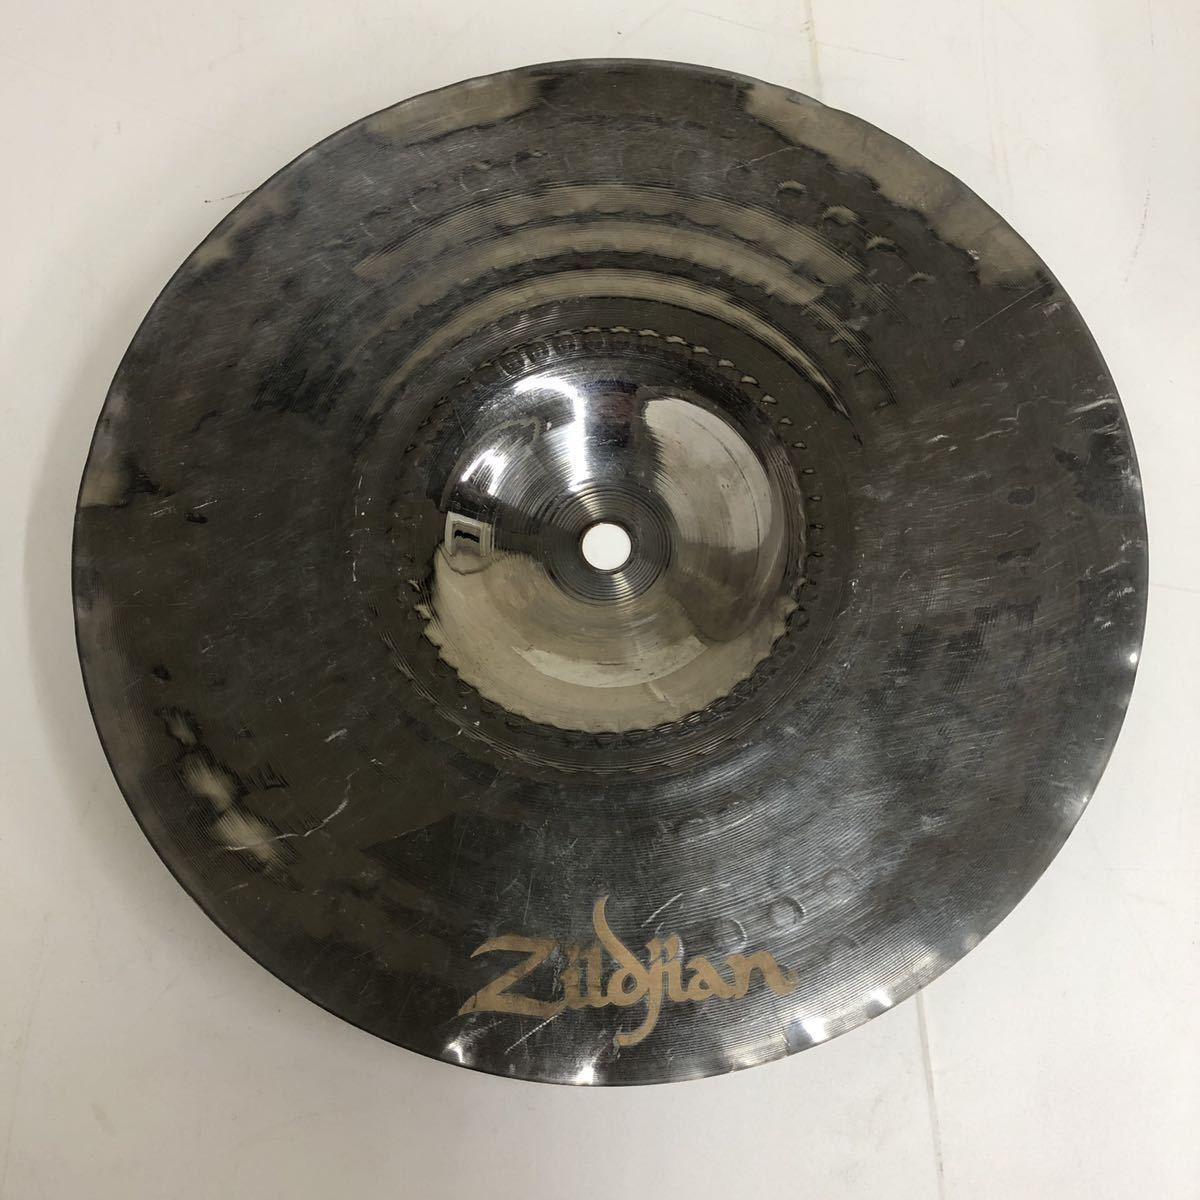 □Zildjian ジルジャン ZXT TITANIUM Flash Splash シンバル ドラム 打楽器 楽器 10インチ スプラッシュ パーカッション □21073005_画像3
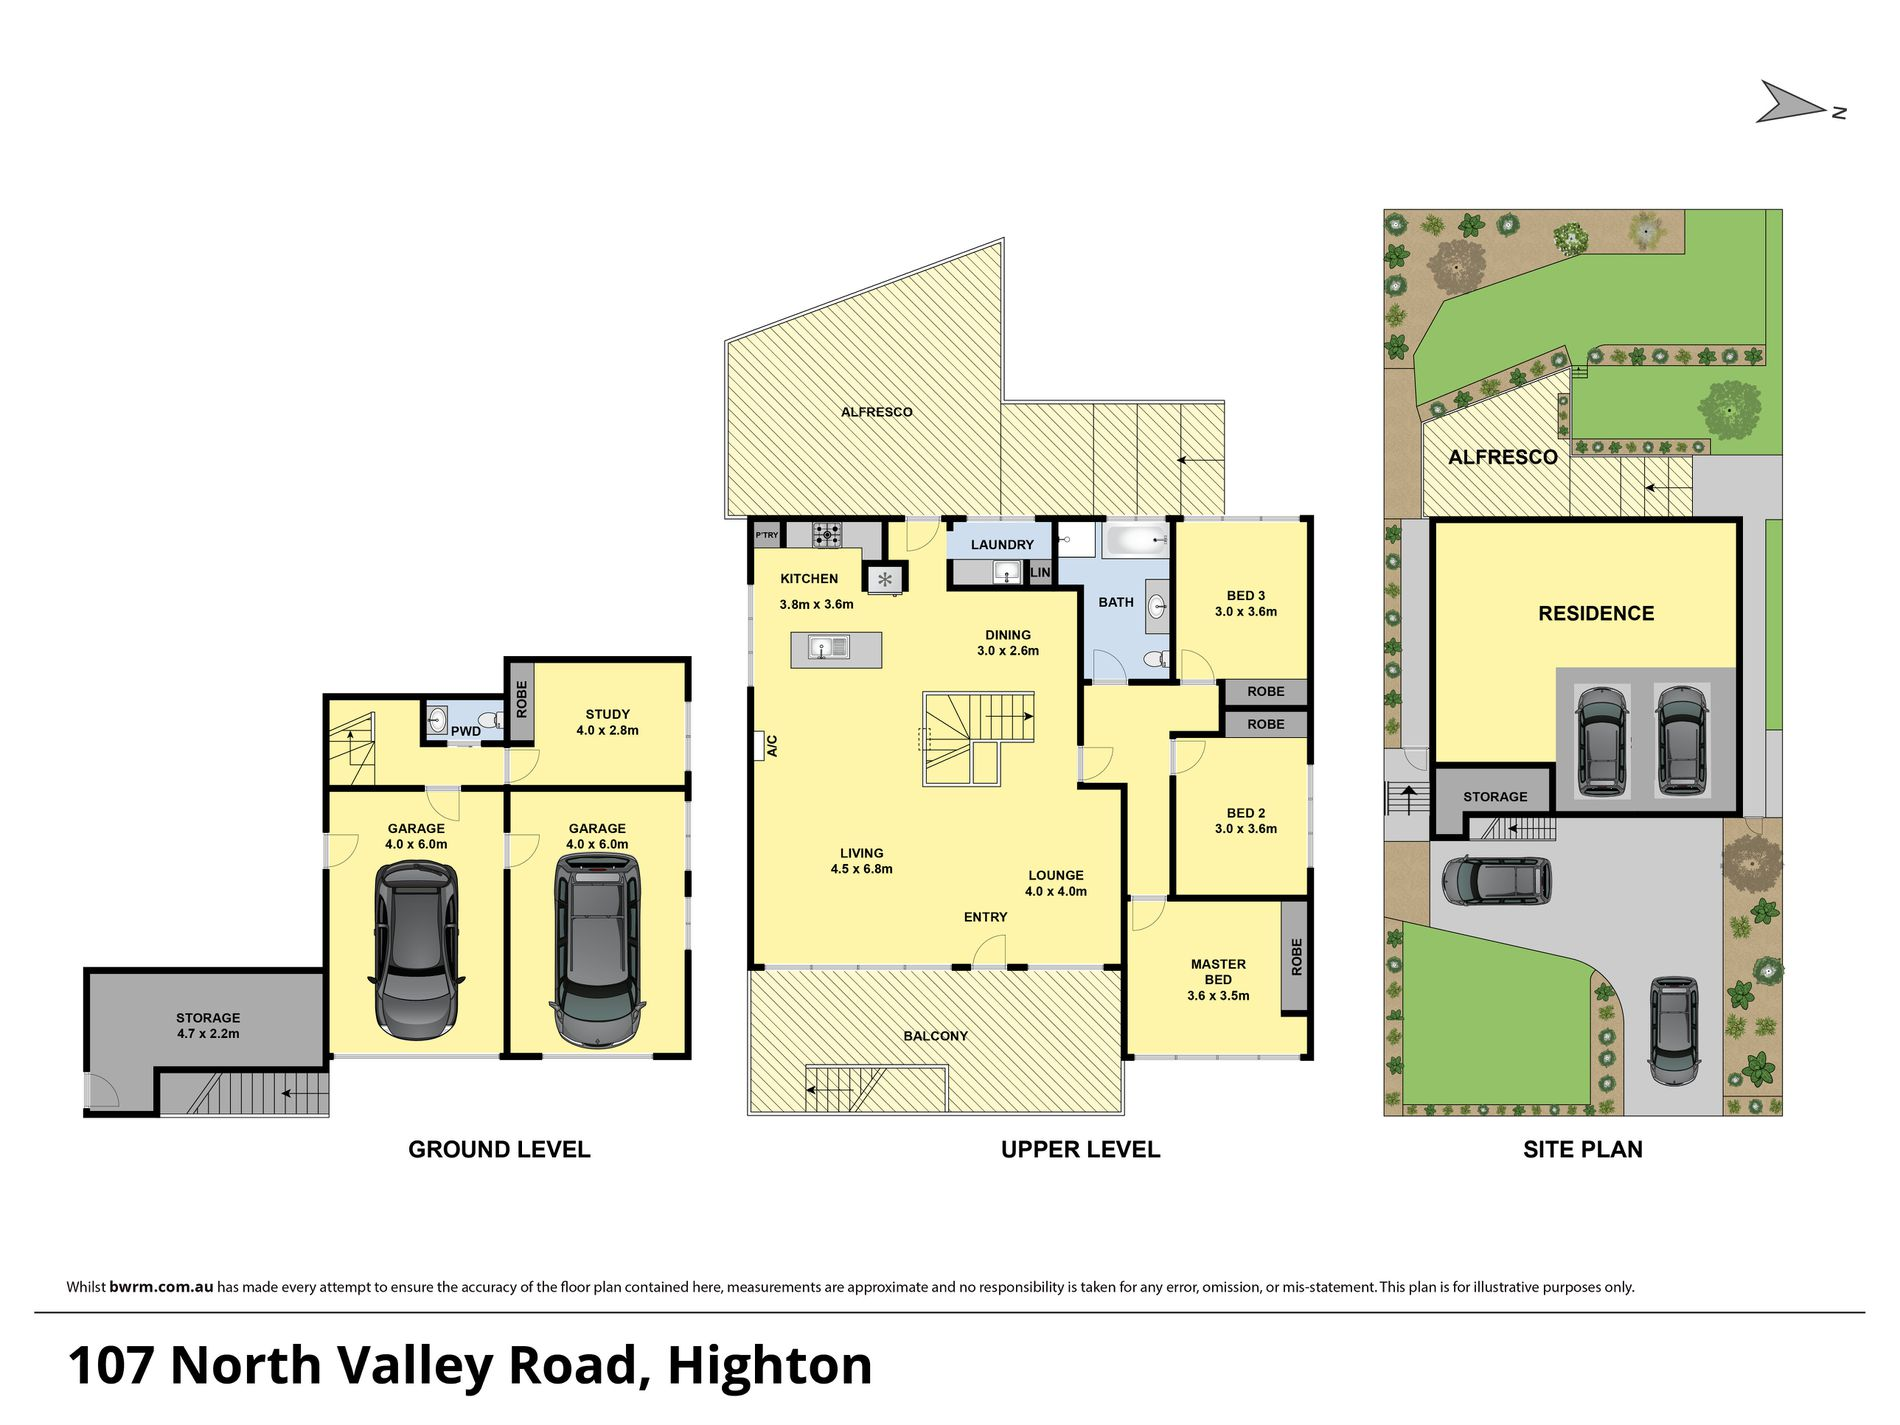 107 North Valley Road, Highton
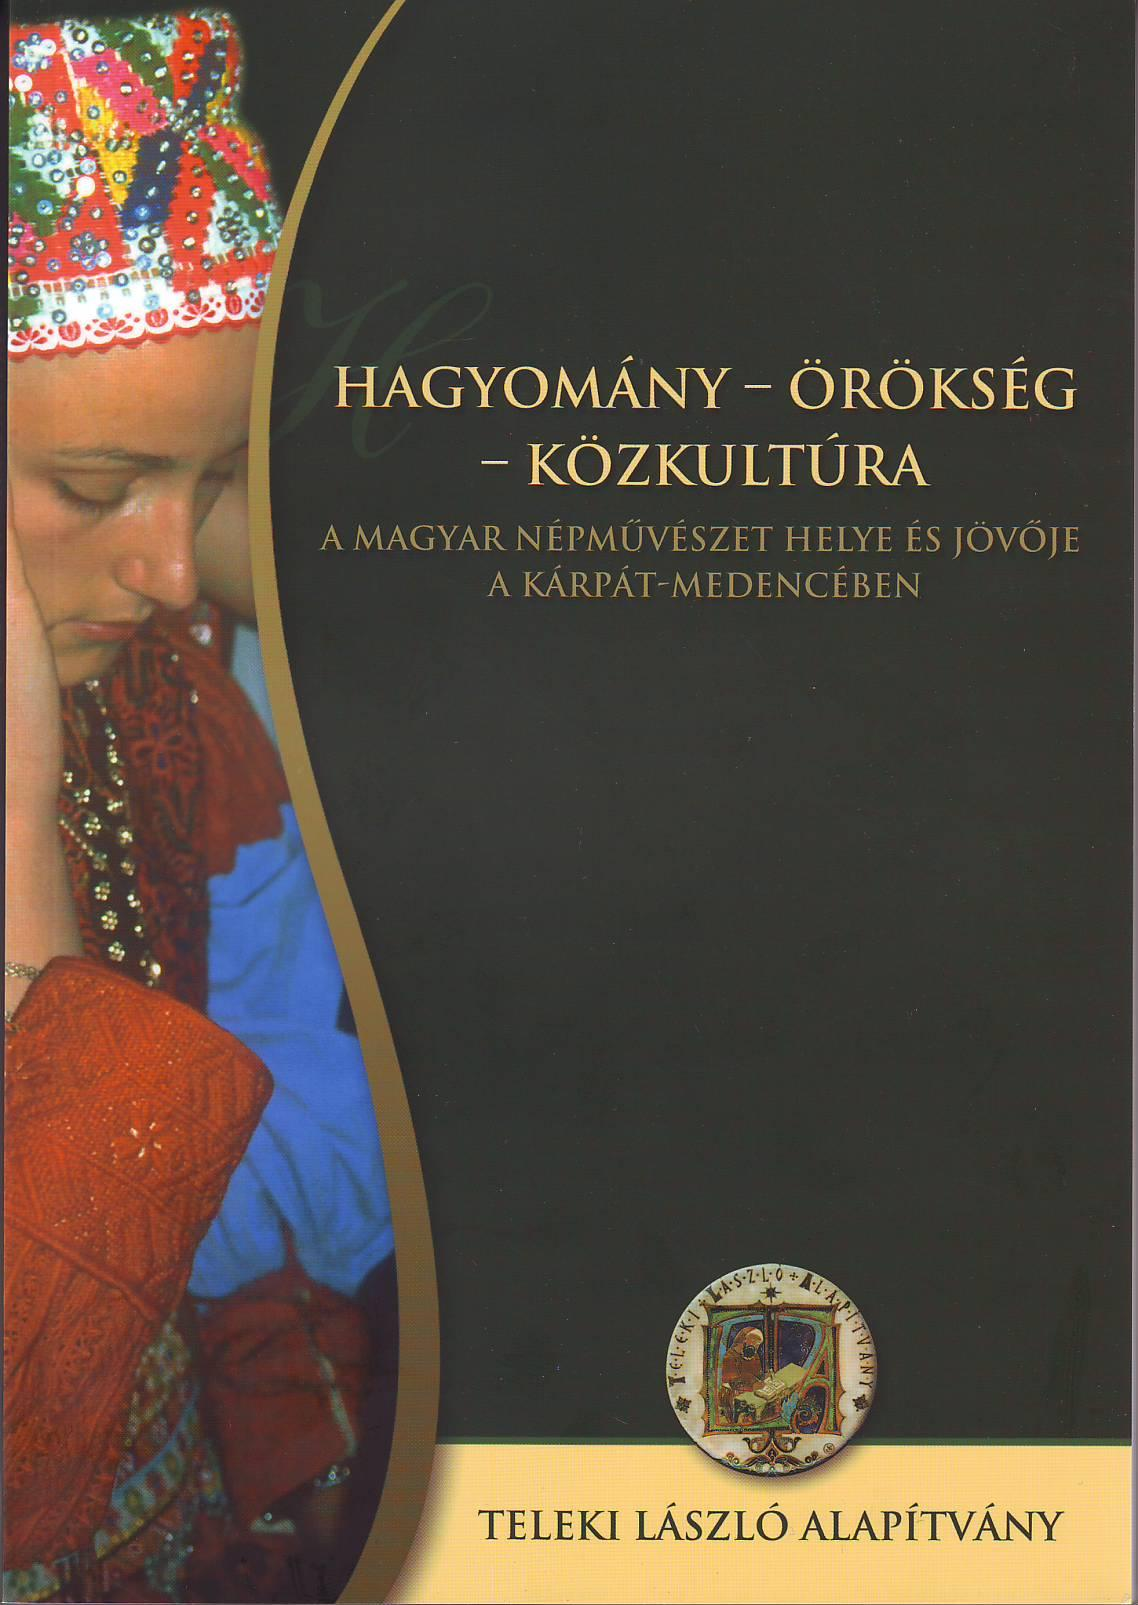 HAGYOMÁNY - ÖRÖKSÉG - KÖZKULTÚRA
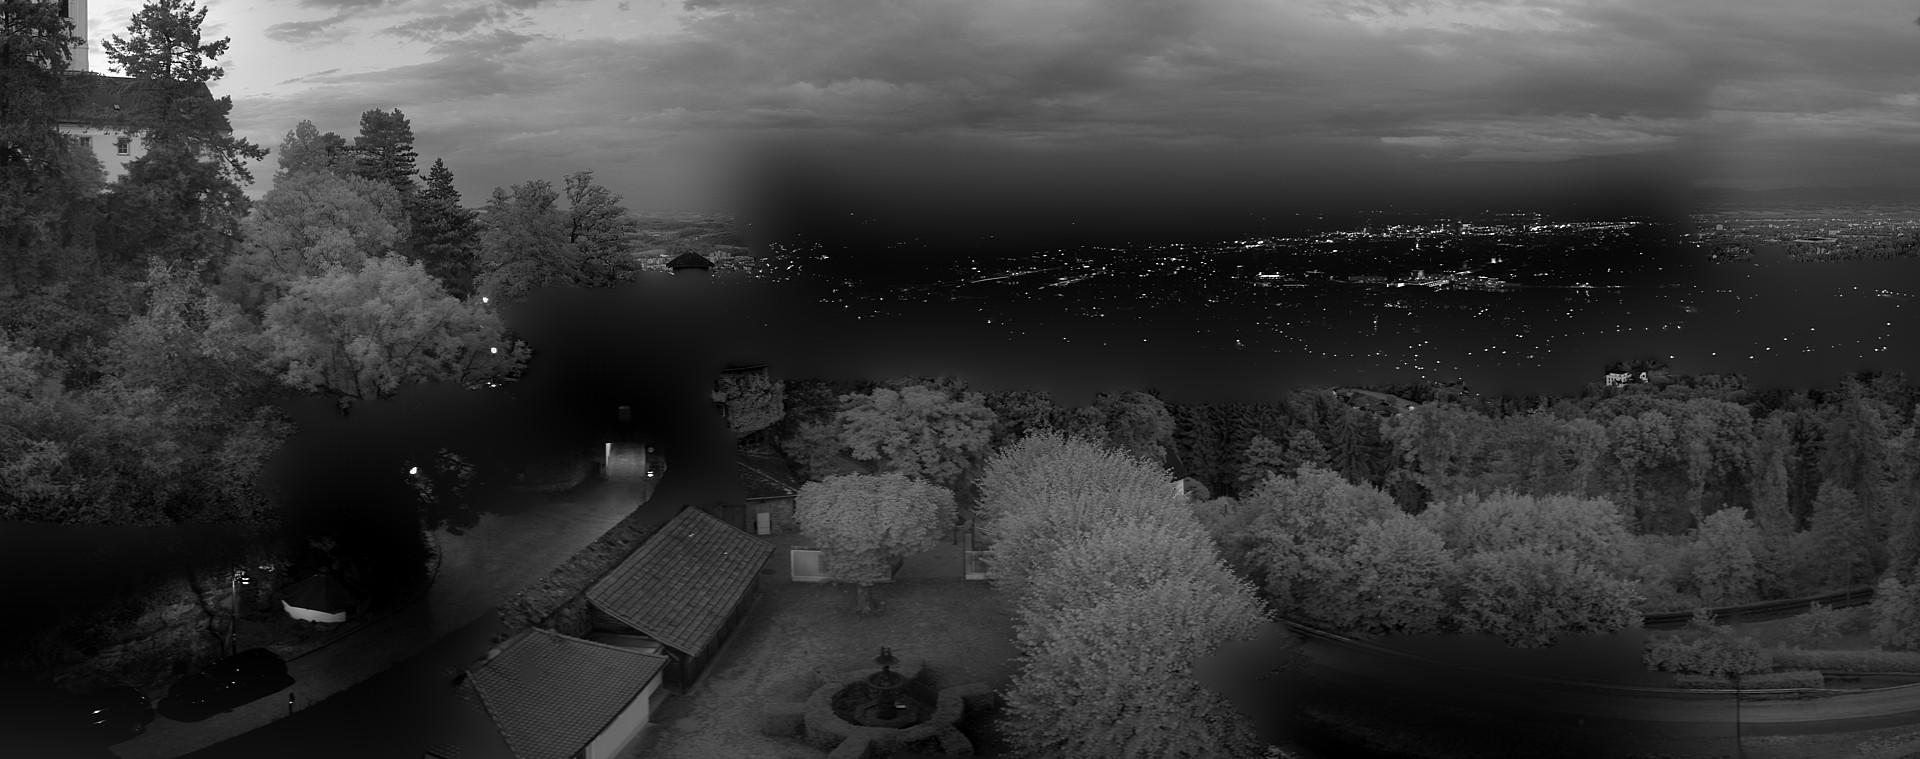 Webcam Panorama Pöstlingberg Schlössl
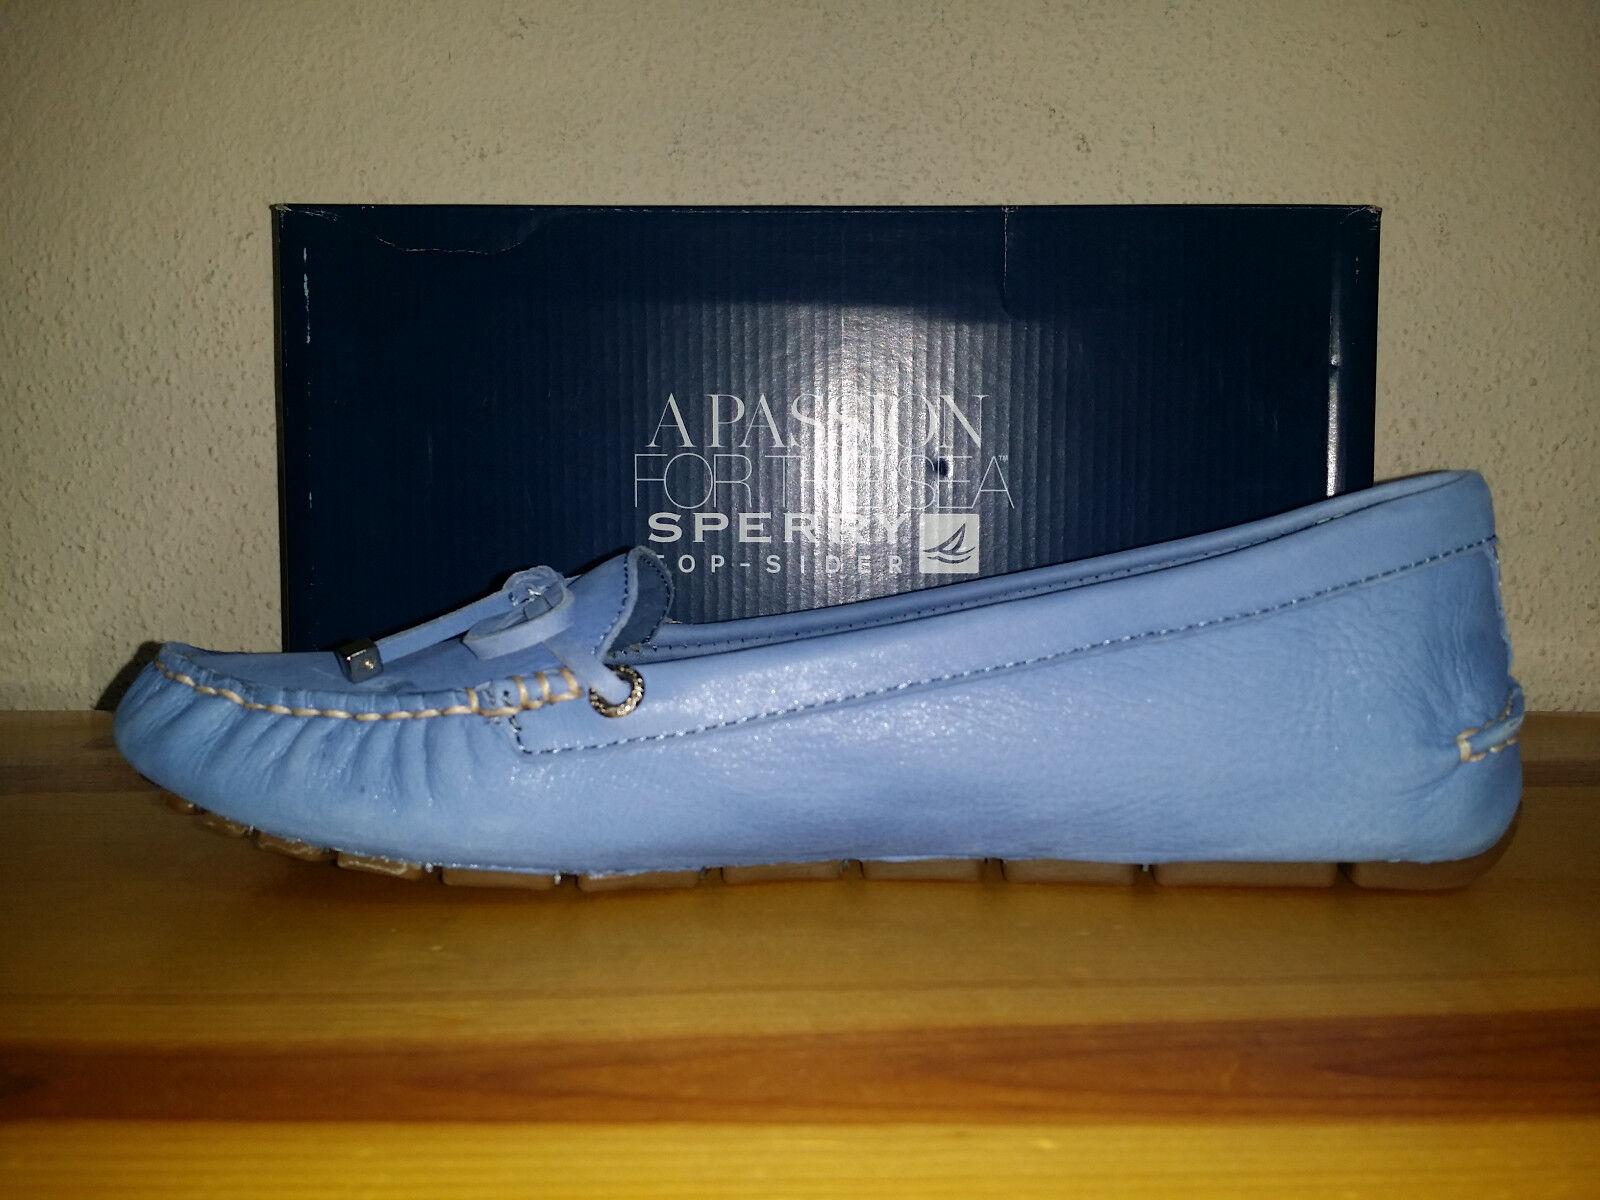 Sperry 90 para mujer 9.5 Sperry  Top-Sider Katharine Brillos Zapatos Náuticos Azul 850d6e

[ASSIGNMENT]
What the answer needs is every line from the one with "HAGYOMÁNY - ÖRÖKSÉG - KÖZKULTÚRA" through the last line of the data, reproduced word for word and with pictures omitted.

[EXERCISE RESULT]
 HAGYOMÁNY - ÖRÖKSÉG - KÖZKULTÚRA
 Webcam Panorama Pöstlingberg Schlössl
 Sperry 90 para mujer 9.5 Sperry  Top-Sider Katharine Brillos Zapatos Náuticos Azul 850d6e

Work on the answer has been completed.